『生きて』 核物理学者 葉佐井博巳さん(1931年~) <15> 顧みて
15年12月3日
戦争なき世界つくろう
物質とは何なのか。原子核研究に長い間熱中しました。ただ、実験は徹夜続き、左肺がない50代になると体にこたえた。最新の研究は素粒子や今話題のニュートリノ実験に入っていました。原爆放射線量の測定や推定方式の検証に移ったのは、本来の研究からすれば離脱です。しかし、科学者の社会的責任を強く考えるようになりました。
広島の試料から追究した「DS02」は、被爆者が受けた放射線量をより正確に推計する。だからといって死者は生き返りません。

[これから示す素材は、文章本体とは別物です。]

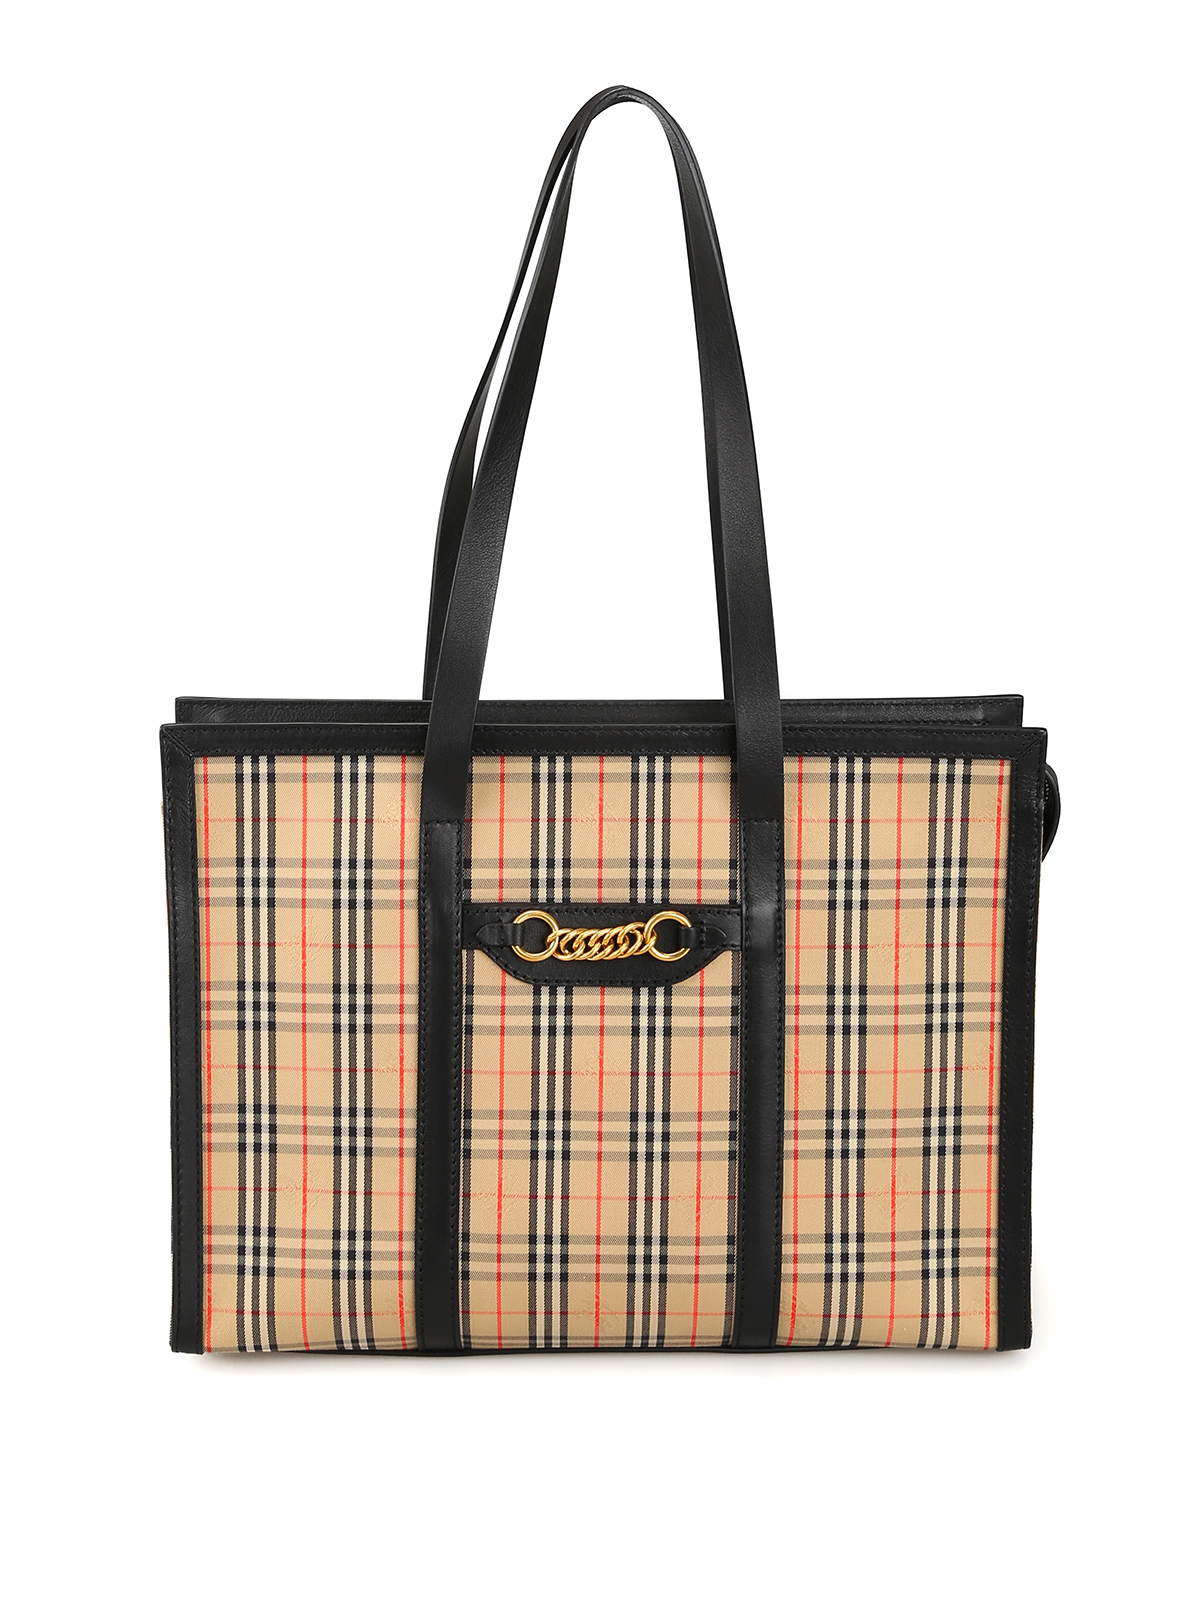 Totes bags Burberry - Vintage check Link zip tote - 8006411

生存者の後障害調査に生かされ、国際的な放射線防護の評価に反映されても、体は元に戻るわけではない。
初期放射線を1キロ以内で浴びて健在の人がいれば、1日で1000分の1に減衰した誘導放射線で亡くなった入市被爆者がいます。人体への影響は、低線量や内部被(ひ)曝(ばく)の問題を含め残念ながら解明されていません。放射性降下物が広範囲に飛び散った福島第1原発事故の被害者についても、一人一人に添った正確な調査が求められています。
原爆を開発したロバート・オッペンハイマーは、造るべきではなかったと後に言い、水爆には反対した。結果は殺りくと破壊だったからです。そして70年たっても原爆症は続いている。科学者の責任は重いと思います。
私自身、若いころは競争心にも駆られた。休みの日は体を鍛えようとソフトボールに興じた。広大野球部長をした縁で広島六大学野球連盟理事長を10年余り務めました。息子2人の教育や家のことは妻の尚子に任せっ放し。反省するばかりです。しかし、ヒロシマに立ち返って研究してきたことや、若い人たちと取り組む継承活動には悔いはありません。
核兵器を持ち依存するのは戦争を前提にしているからです。勝ったとしても、殺りくと破壊は人間の逆行であり未来ではありません。私たちは戦争なき世界をつくる責任がある。被爆者として科学者の一人として最期まで果たしたいと思います。=おわり(この連載は編集委員・西本雅実が担当しました)
(2015年12月3日朝刊掲載)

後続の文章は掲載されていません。